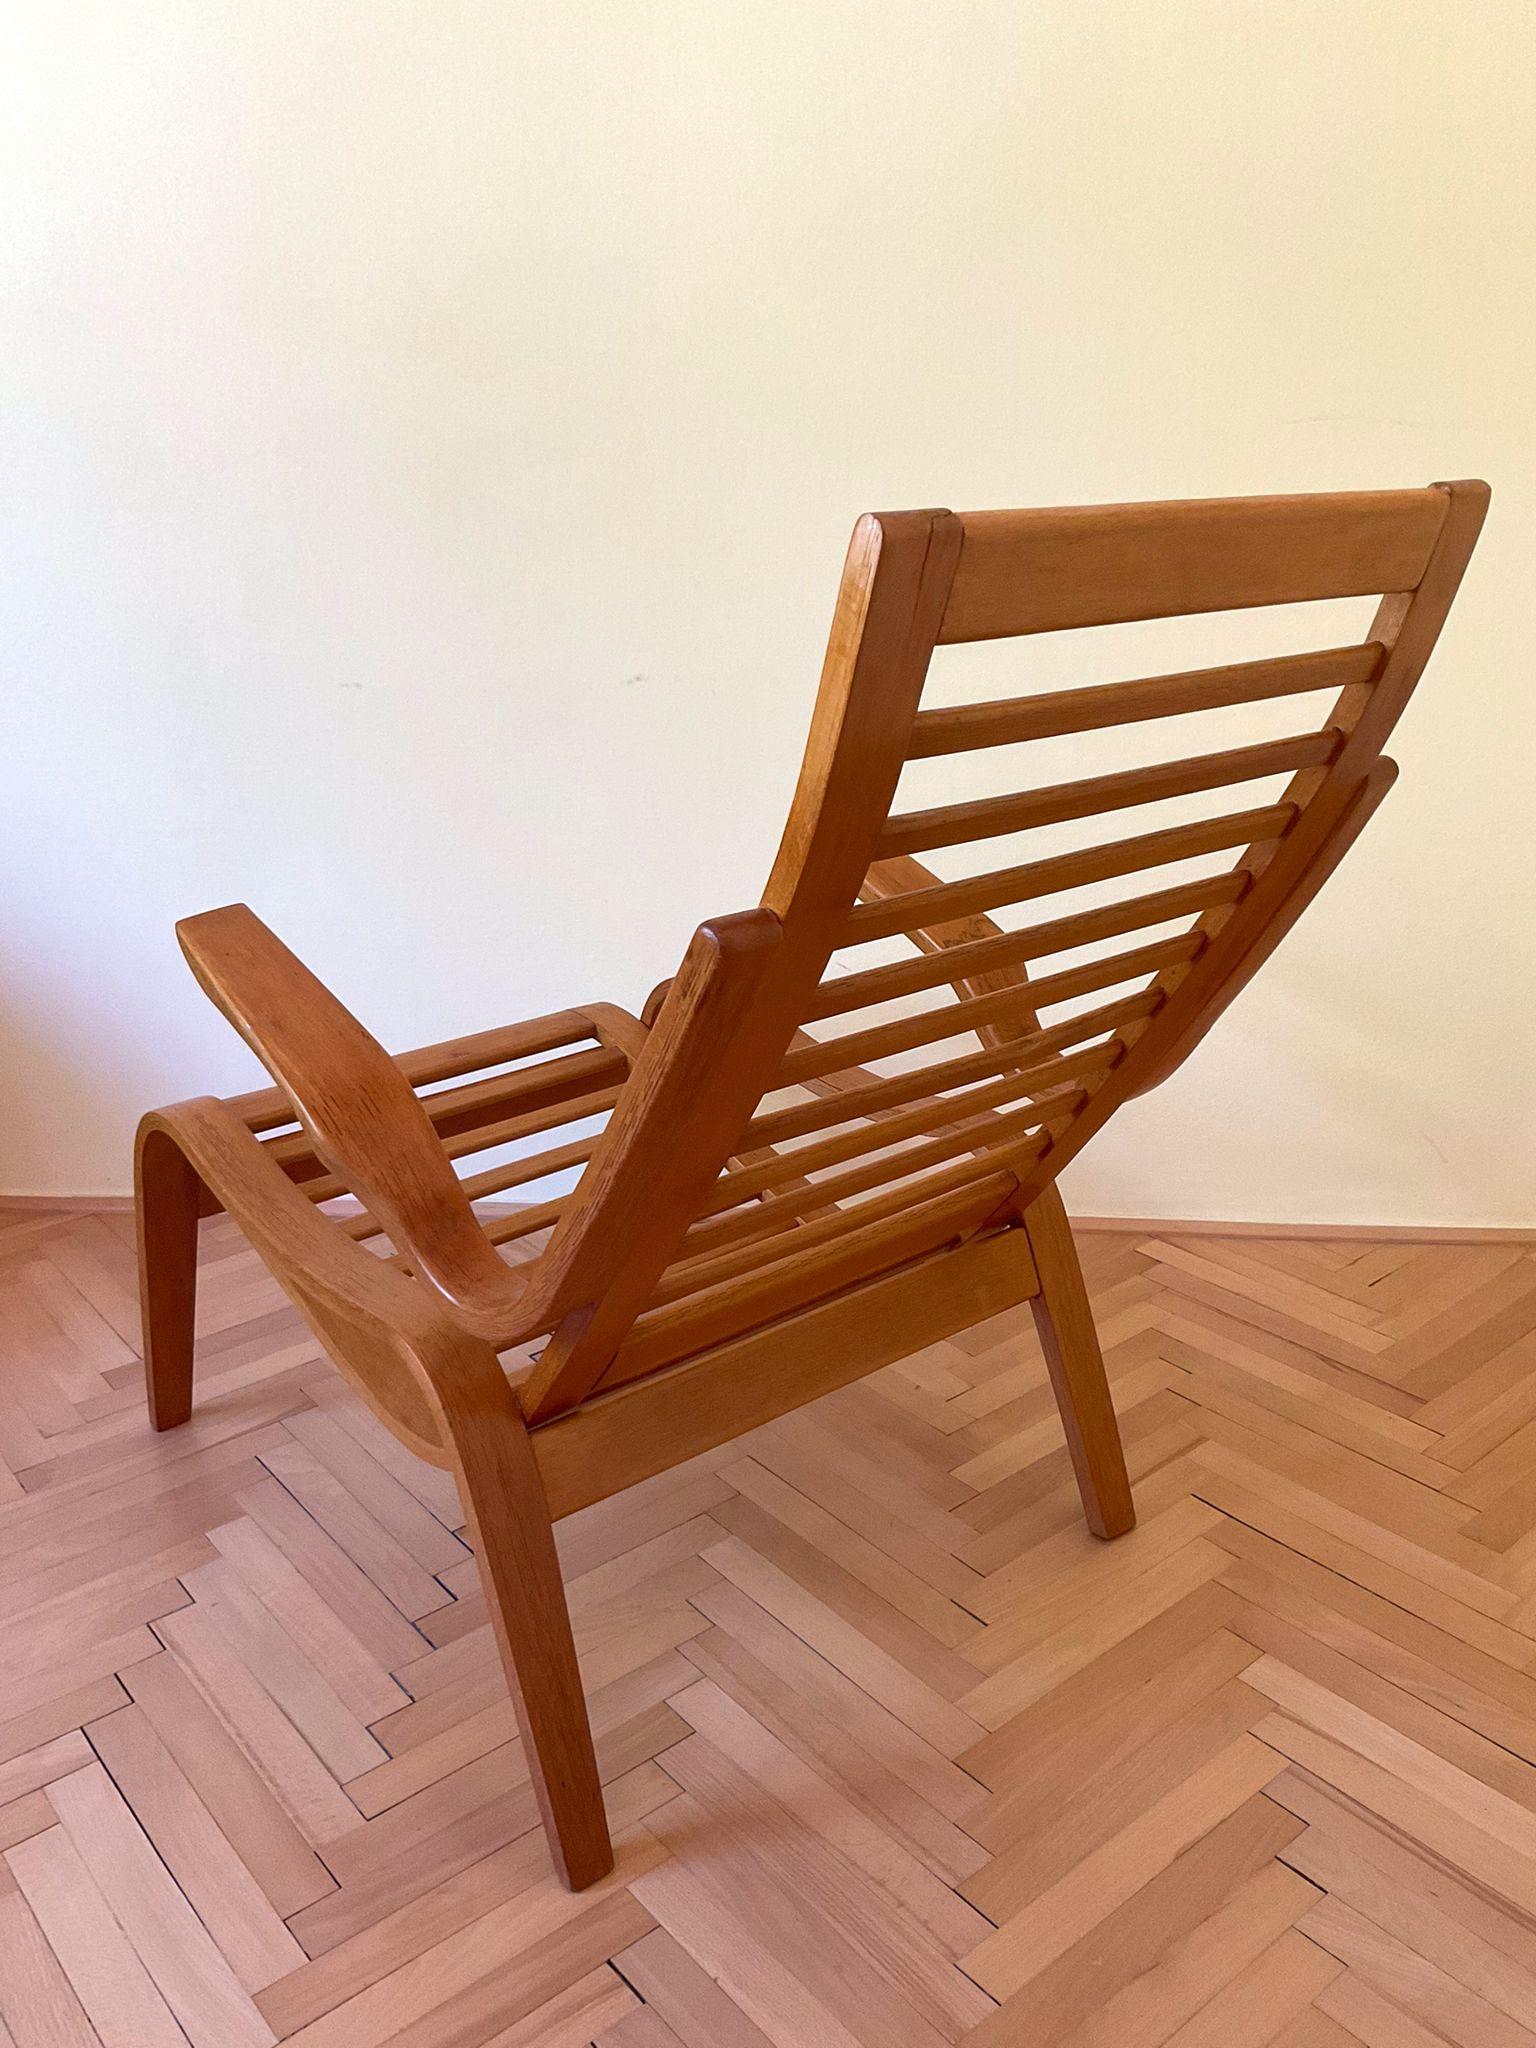 Ce magnifique fauteuil en hêtre courbé de Jan Beeche est l'un de ses modèles les plus rares.
Fauteuil idéal pour le bien-être et la relaxation.
Le fauteuil a été entièrement restauré. Nous disposons d'une autre pièce sur demande.
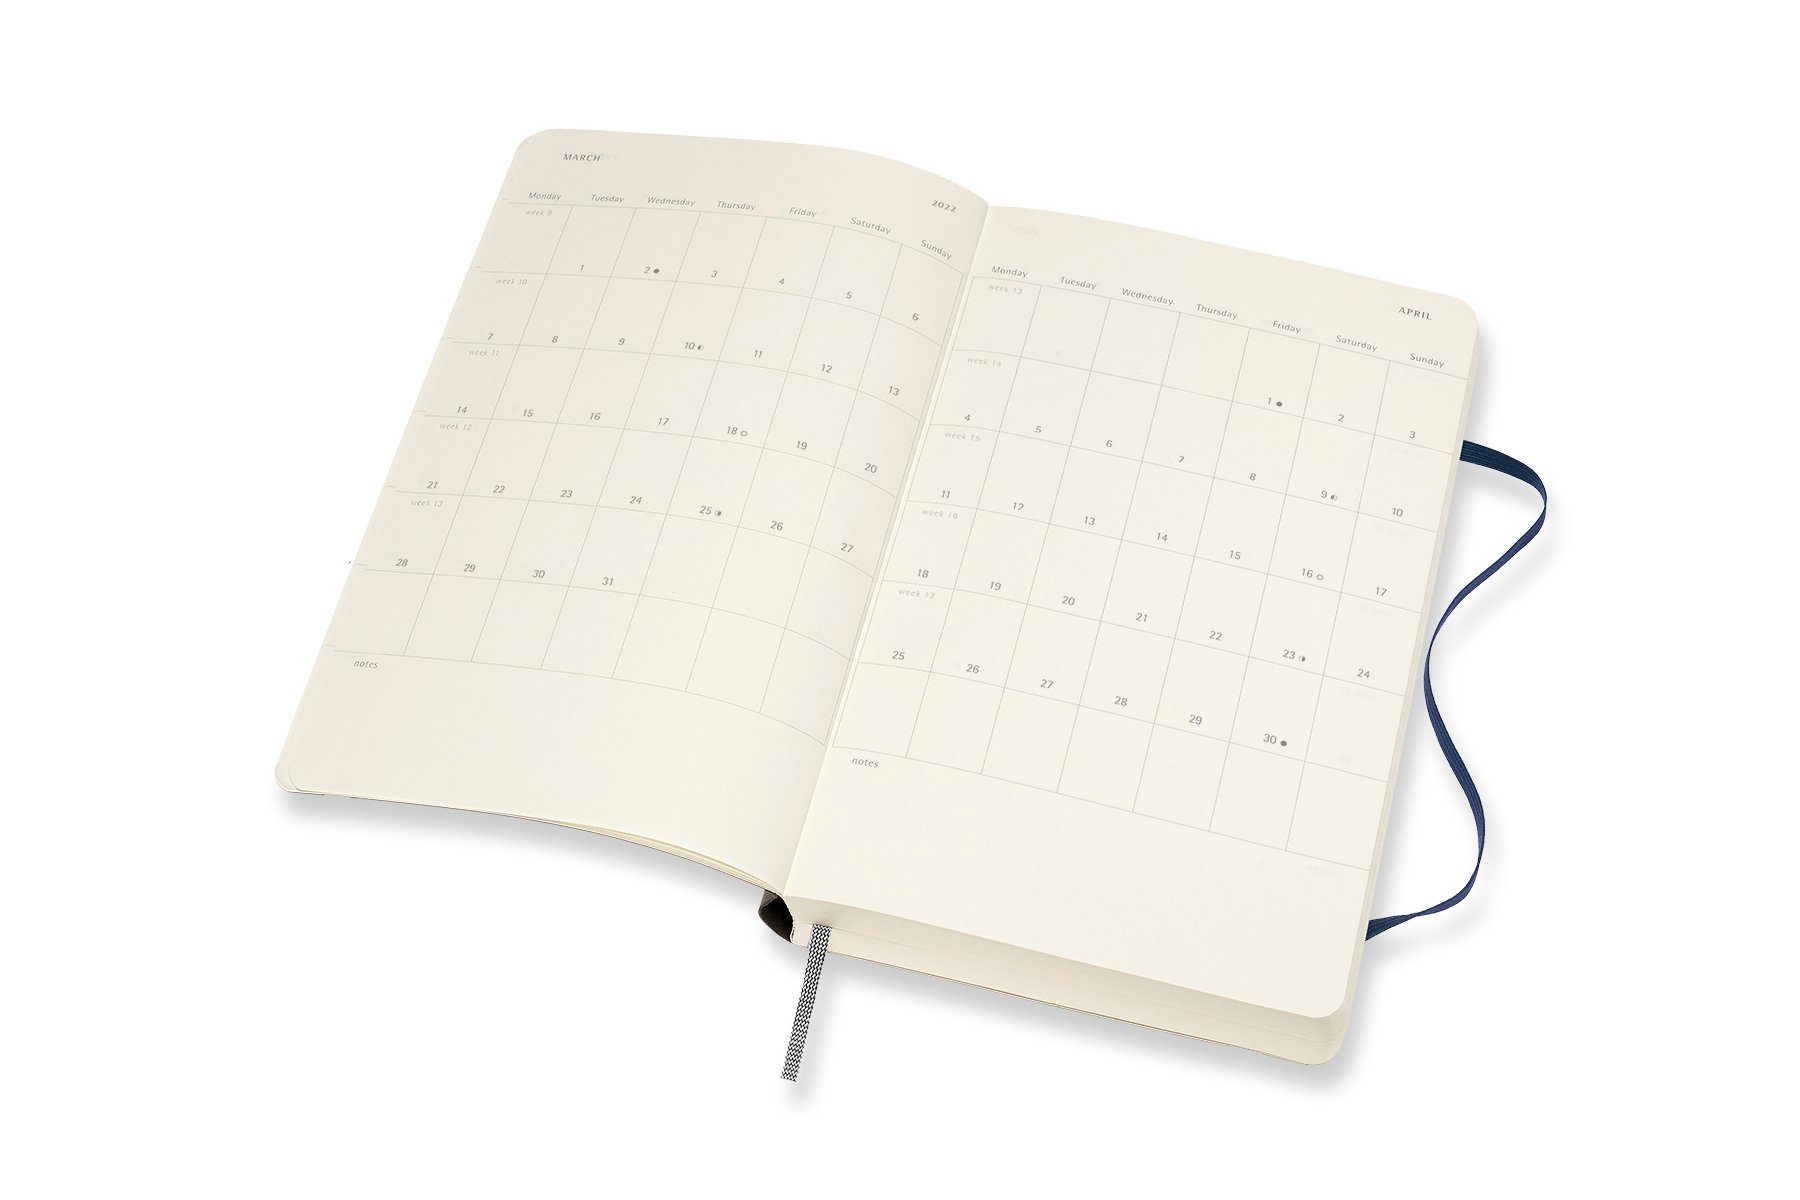 MOLESKINE Buchkalender, 18 Monate Tageskalender 2021/2022 - Weicher Einband  - Englischer Kalender - Large/A5 - 1 Tag = 1 Seite - Rechts Linierte Seite  - Schwarz

★ ★ ★ ★ ★

About this exercise => Exactly as written, repeat the lines of the material above from the first through the line holding "Le fauteuil a", with both ends in the copy and no pictures.

Solution to the problem =>
 Ce magnifique fauteuil en hêtre courbé de Jan Beeche est l'un de ses modèles les plus rares.
Fauteuil idéal pour le bien-être et la relaxation.
Le fauteuil a été entièrement restauré. Nous disposons d'une autre pièce sur demande.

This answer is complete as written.